Network: freenode Channel: #iptables

	Enter your search terms Submit search form
	Web www.irclog.org

[01:42]<czrrr>If I use iptables entries like this: iptables -A INPUT -j ACCEPT -p tcp --destination-port 22, can I go wrong? are there any extra options I need, or will that be good enough for allowing ports then denying all afterwards like so: iptables -A INPUT -j DROP -p tcp?
[01:42]<czrrr>I allowed ESTABLISHED and RELATED as well
[01:50]<zjdsvnz>drop all first then allow what you need
[01:51]<zjdsvnz>how do i get files in userspace/extensions/ to be included? i tryed make expearmental but no luck
[01:51]<zjdsvnz>its not using patch-o-matic
[01:53]<czrrr>Romster: Er, doesn't that cause *everything* to be dropped?
[01:53]<czrrr>Romster: The rules are applied in order, n'est pas?
[01:55]<zjdsvnz>if you drop first it rejects all packets then you allow some afterwards
[01:55]<zjdsvnz>unless you want togot he un-orthordox method of allowing all then droping others.
[01:55]<zjdsvnz>togo the*
[01:57]<czrrr>Hmm, I'll have to look into it. Thanks dude!
[03:03]<-- 2yd2nzy xrs fuyv>http://iownmymusic.org/ http://iownmydvds.org/")
[03:34]<-- sgvgzs xzs fuyv (>/dev/brain")
[04:07]<-- dyrnnprd wrs puyv> i mean the other left <-")
[05:23]<dygnzrfn>how can I filter out icmp traffic quickly? I've never used iptables
[05:27]<mrrynfmr>iptables -I INPUT -p icmp -j DROP
[13:12]<-- dyrnnprd wrs puyv> i mean the other left <-")
[14:51]<2rfju>hi
[14:51]<fzjfjrya>Could someone help me figure out the right nat rules for the following situation ?
[14:52]<fzjfjrya>I have an AP which laptops connect to, it issues out ips via dhcp 192.168.0.15 to 192.168.0.254 (/24) and gives a default gateway of 192.168.0.14 (the ap)
[14:53]<fzjfjrya>the default gateway of the ap is 192.168.0.1 (my linux router) plugged in via it's bridged interface
[14:53]<fzjfjrya>I need wifi clients on the 192/24 subnet to be able to access stuff on the 10/28 subnet (local machines on a switch, of which the linux router is connected to 10.0.0.1)
[14:54]<fzjfjrya>so far the wifi clients can ping stuff on the 10/28 range, but can't create a tcp session
[16:09]<ugvyvfnm>hi
[16:09]<ugvyvfnm>what does "-s 0/0" mean in iptables rules?

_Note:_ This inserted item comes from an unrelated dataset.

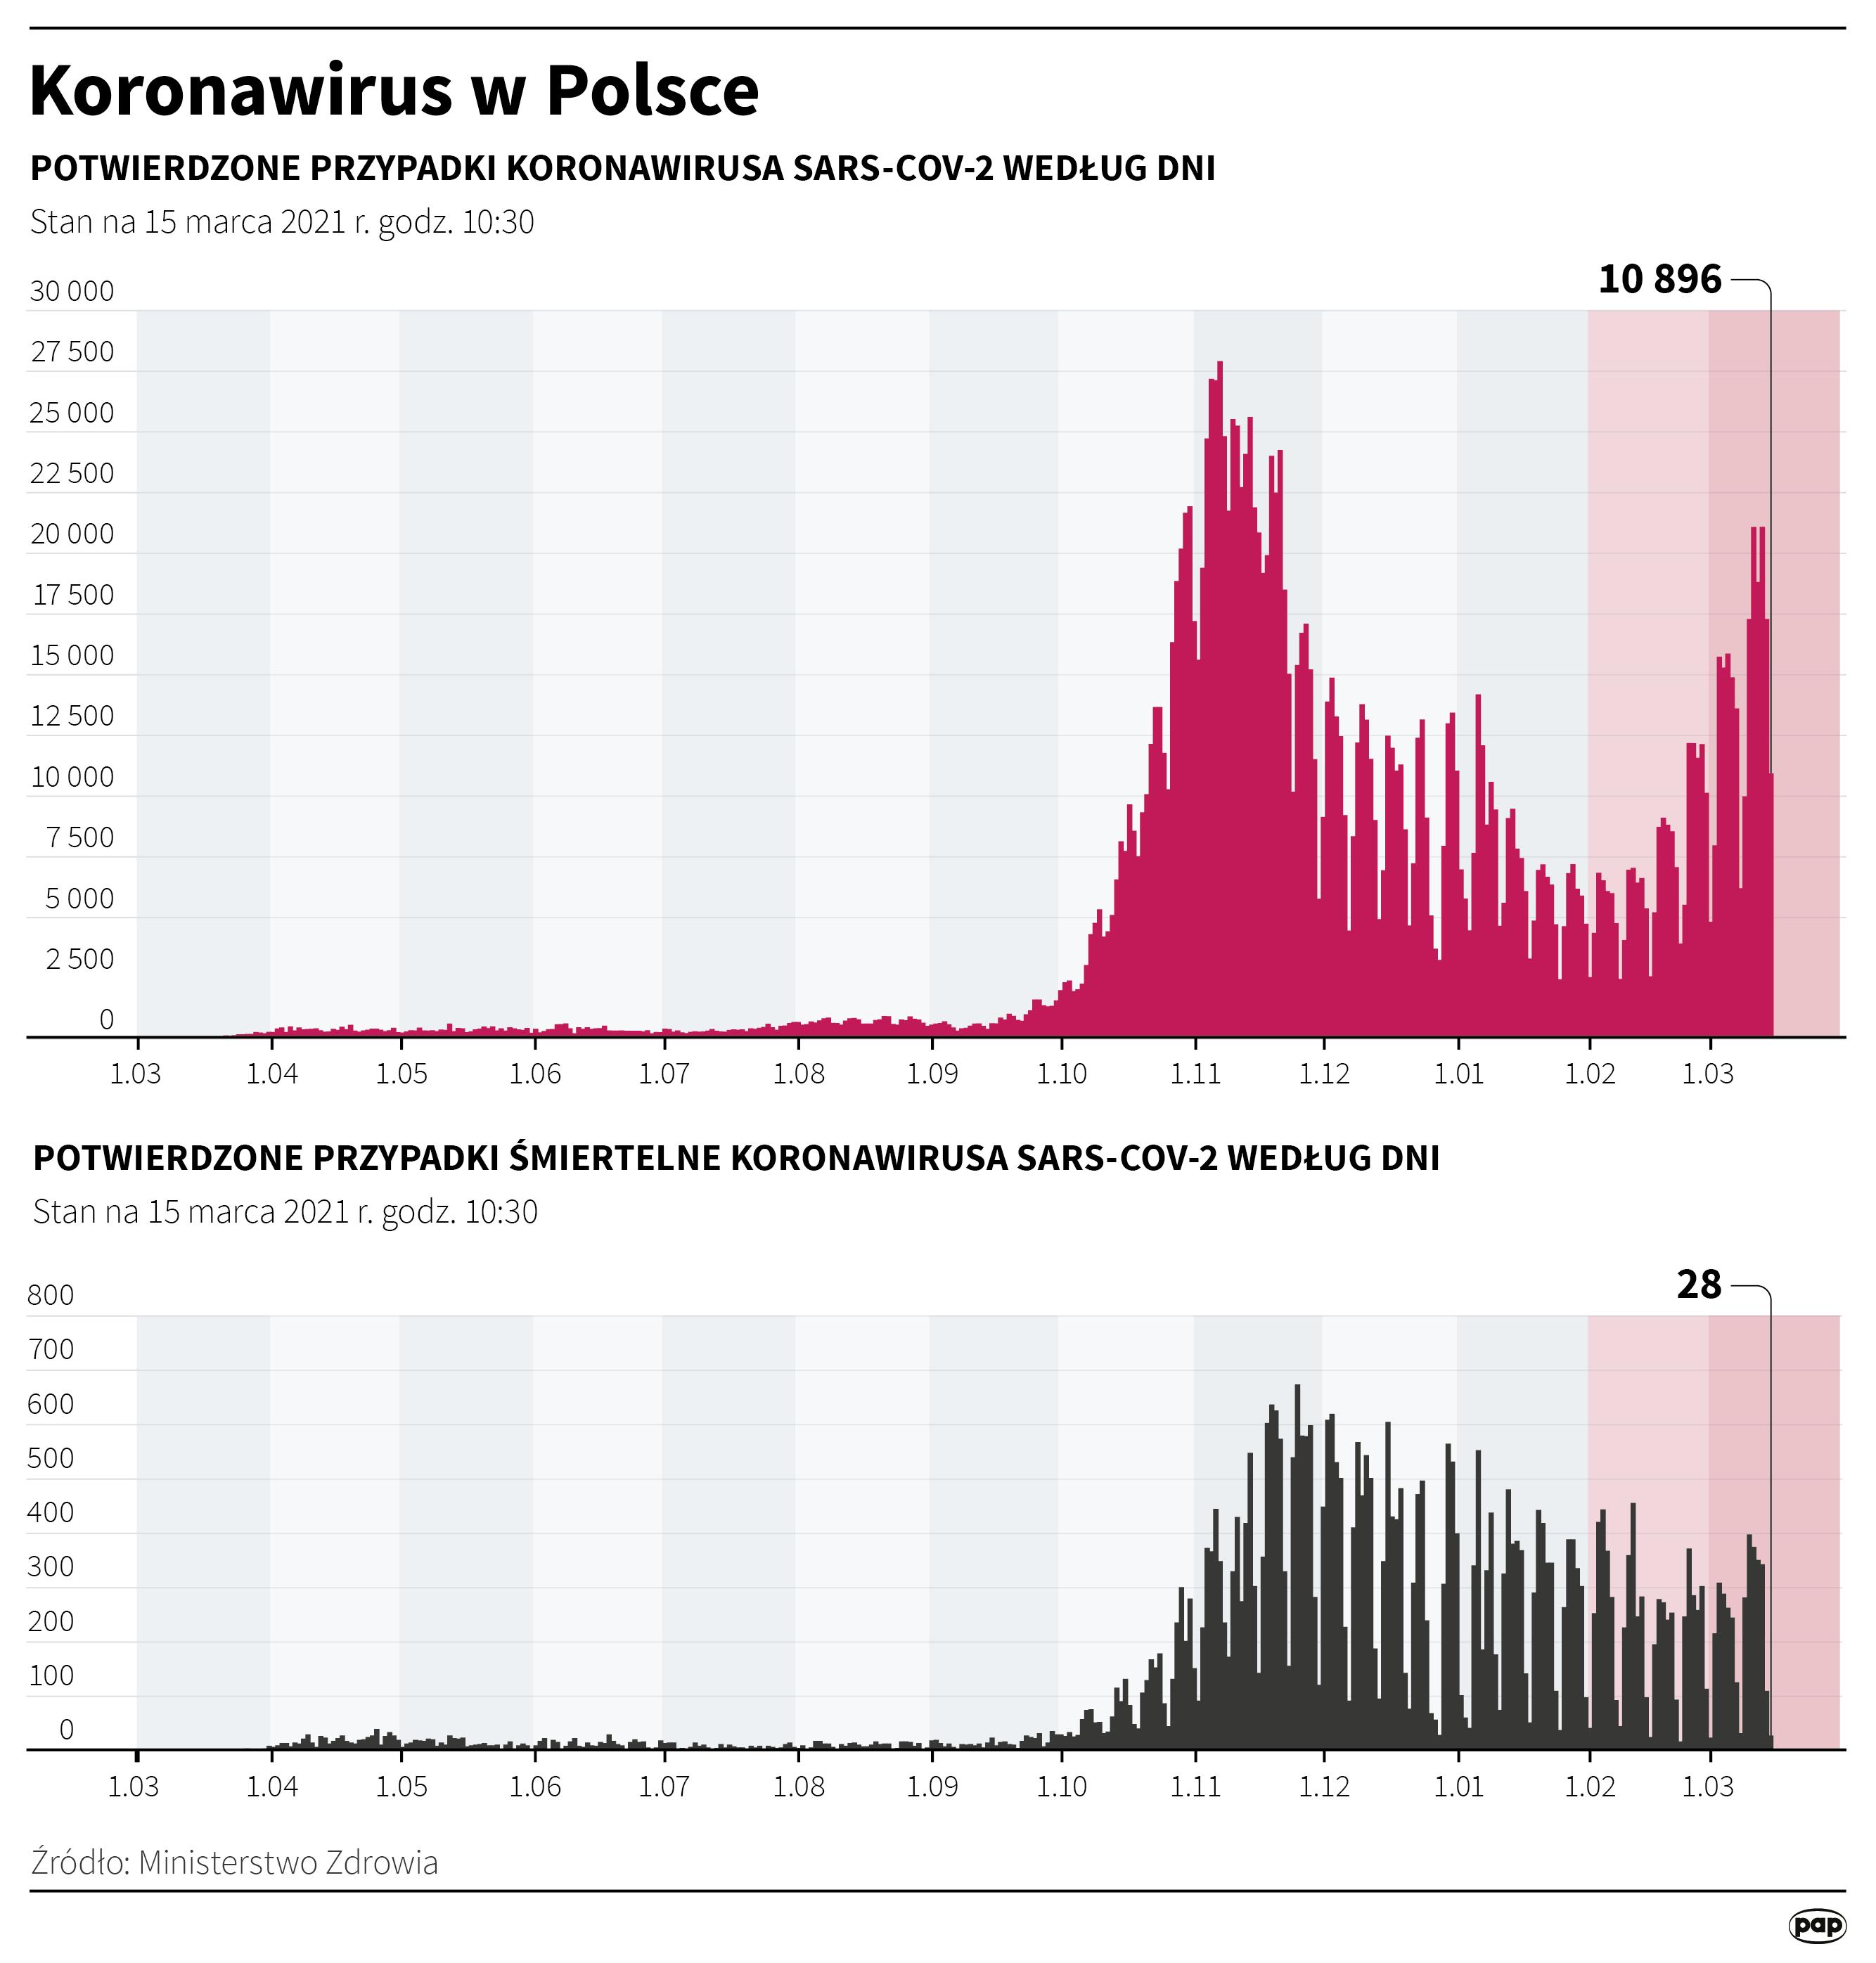 'Koronawirus w Polsce - stan na 15 marca' [autor: Maciej Zieliński, źródło: PAP]

[16:12]<oz2rg>it means the rule matches any source ip address
[16:12]<ugvyvfnm>ok, got it
[16:17]<2rfju>I don't understand why this is used so often... you can leave it away
[16:27]<ugvyvfnm>why?
[16:29]<oz2rg>because without the rule, it doesn't even attempt to match the source ip address, with the rule it just attempts to match the source ip it to something that any ip address would match to
[16:30]<vyrn-vnzsr>in other words, unnecessarily overhead...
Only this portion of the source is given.